The tool itself could be launched much later, as another tool than smn-fin-smn 

TODO:
# correct columns in input excel dict files (__Ciprian; ML, Miina, Trond__)
# make transfer sme-fin + fin-smn (__Ciprian__)
# improve coverage
## Find holes (lacunas) in the dictionary (__Trond__)
## add missing translations  (__ML, Miina__)
# put the dictionary online (__Ryan__)
# improve the interface  (__ML__)
# launch the dictionary, when? how?

!!!Testing FST
# Automatic testing (make check)
## yaml-files
## generating of lemmas
## generating of miniparadigms
# Analysis
## Analysis of texts (__Erika__)
## Coverage: creating missing lists, adding words to analyser 
# Testing of analysator and dictonary (__ML, Miina__)


!!!Morphology
!!nouns.lexc - first priority

TODO:
* test setup
** make yaml-files (__ML, Miina__)
** add mini-paradigms in the stem file (__ML, Miina__)
* stems file  (__ML, Miina, Erika__)
** correct stems and give correct contlex
** classify ''nounstems''  (over 1750 unclassified entries)
* affix-file (__Lene, ML__)
* twolc work (__Lene__)

!!verbs.lexc - second priority
TODO:
* test setup
** make yaml-files (__ML, Miina, Trond__)
** add mini-paradigms in the stem file (__ML, Miina__)
* affix-file (__Trond, ML__)

!!adjectives.lexc - third priority
TODO:
* test setup
** make yaml-files (__ML, Miina?, Trond__)
** add mini-paradigms in the stem file (__ML, Miina?__)
** ensure nom sg test routines
* affix-file (__Lene, ML, Trond__)
* twolc work (__Lene__)
* correct stems and give correct contlex (__ML, Miina?__)


!!smn-propernouns.lexc:
TODO:
* Classifisy the place names in the file, and make new lexicons (copy from nouns) (__Erika__)
** jävri AIGI > JAVRI, N+Prop+Sem/Plc
* Add smn person names (ask Mattus) (__Lene__)
* Classifisy person names and make lexicons (__Erika__)
* Redirect smi-propernouns.lexc to smn  (__Lene__)
* Adjust affixes/propernouns.lexc (__Lene, Erika__)
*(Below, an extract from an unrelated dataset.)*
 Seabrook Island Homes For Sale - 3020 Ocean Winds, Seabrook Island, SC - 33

!! abbreviations, acronyms - copy from sme
* Adjust to smn (__Erika__)

!! numerals, pronouns
* Test and correct (__Erika__)
* add more pronouns (take from text books, analysis) (__Erika__)
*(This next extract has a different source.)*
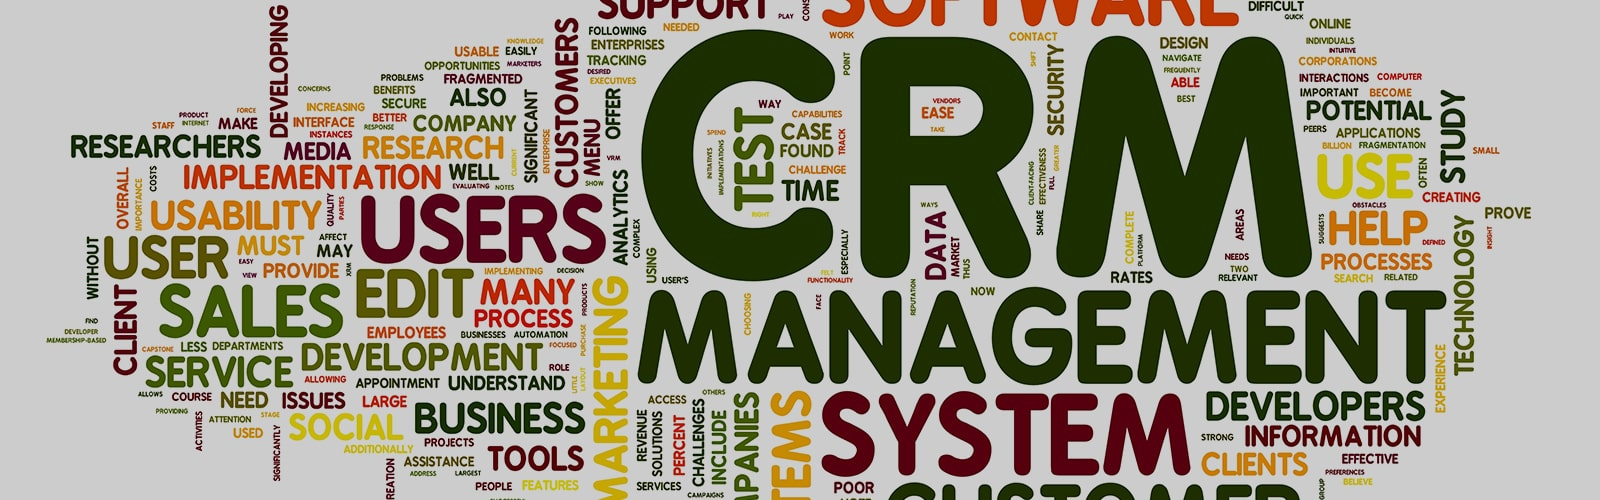 Cloud-based loyalty CRM

!! adverbs, adpositions, conjunctions, subjunctions, particles, interjections
* Check PoS (__Erika__)
** move words to other files
** add more lemmas (take from text books, analysis)
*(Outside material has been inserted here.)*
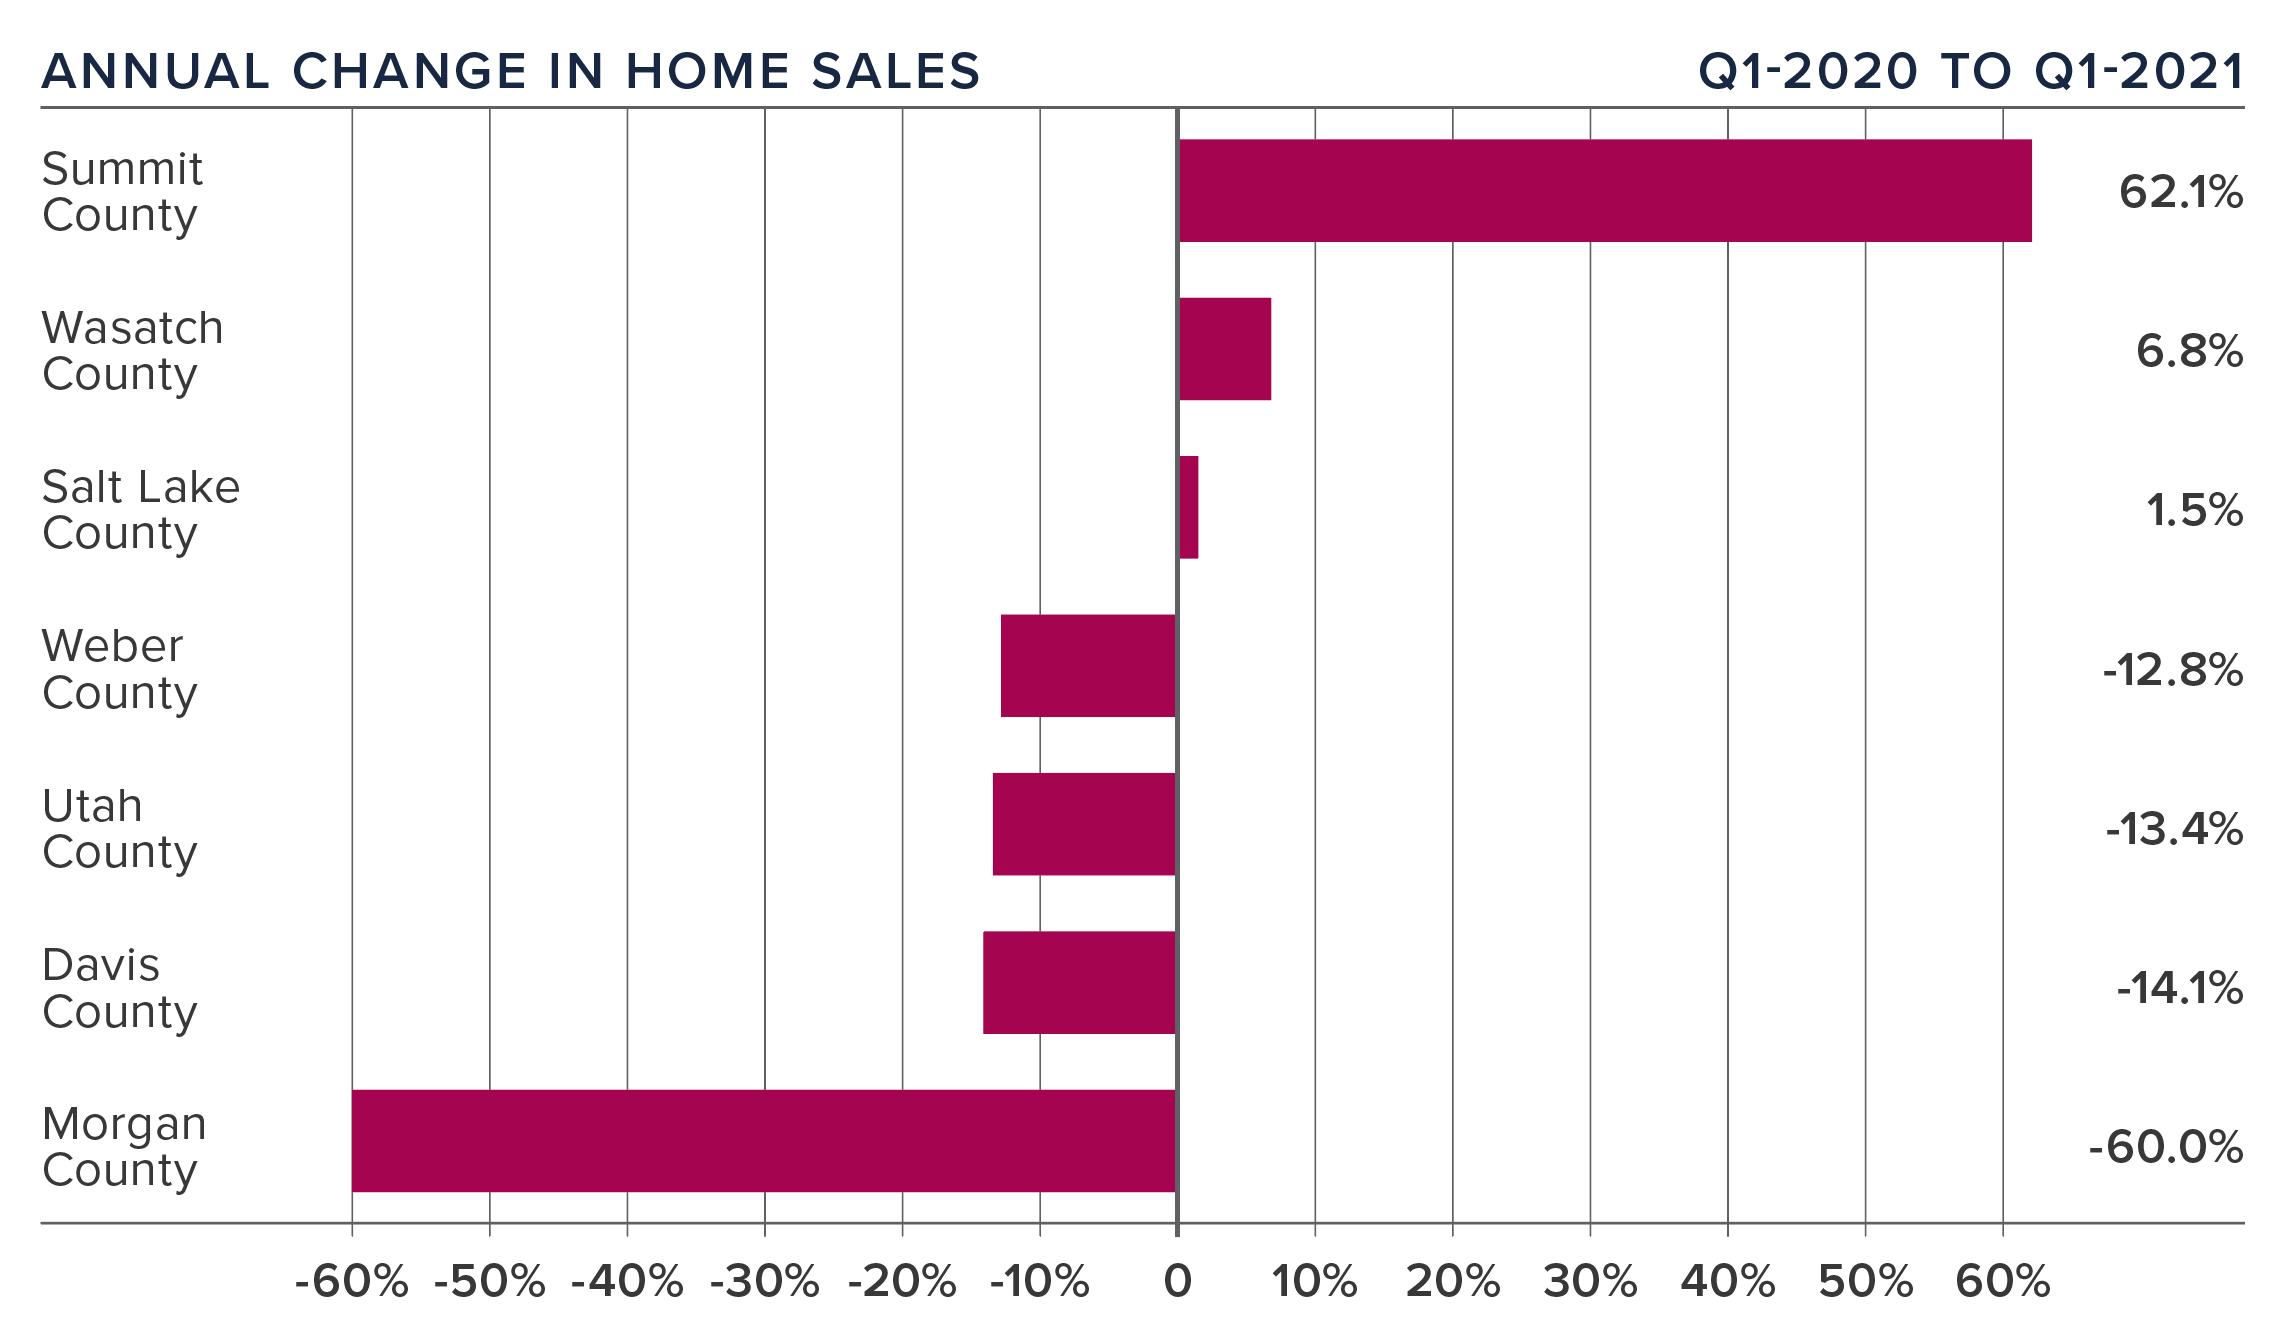 Annual-Change-Home-Sales-Windermere-Utah-Gardner-Report-Q1-2021

!! punctuation.lexc - should be ok

!!!Dependencies

!!POS internal dependencies

For all FST work the following dependencies hold
(for words without morphology several steps may be skipped):

# Linguistic ground work
# Yaml files and other test setup
# Plan of attack
# lexc and twolc work for the words in the yamlfiles
# yaml testing and refinement until yamlfiles are 100%
# go through lexicon file for all members of the contlex

!!Dependencies between POS within the FST

* N before A
* N before Prop
* N, V, A before derivation
* N before Px

Otherwise there are no dependencies between the POS.

!!Dependencies between FST and dict and MT

# FST good enough to generate a substantial part of N, V, A paradigms
# an useful Neahttadigisánit with click-in-text
# FST with all POS done (but errors and holes here and there)
# good NDS with paradigm generation

!!Dependencies between FST and MT


# FST good enough to generate a substantial part of N, V, A paradigms
# alpha version of MT
# FST with all POS done (but errors and holes here and there)
# start working on MT transfer rules

Bidix and FST are not dependent upon each other, but it is easier to 
collect data to bidix with a good FST for text analysis.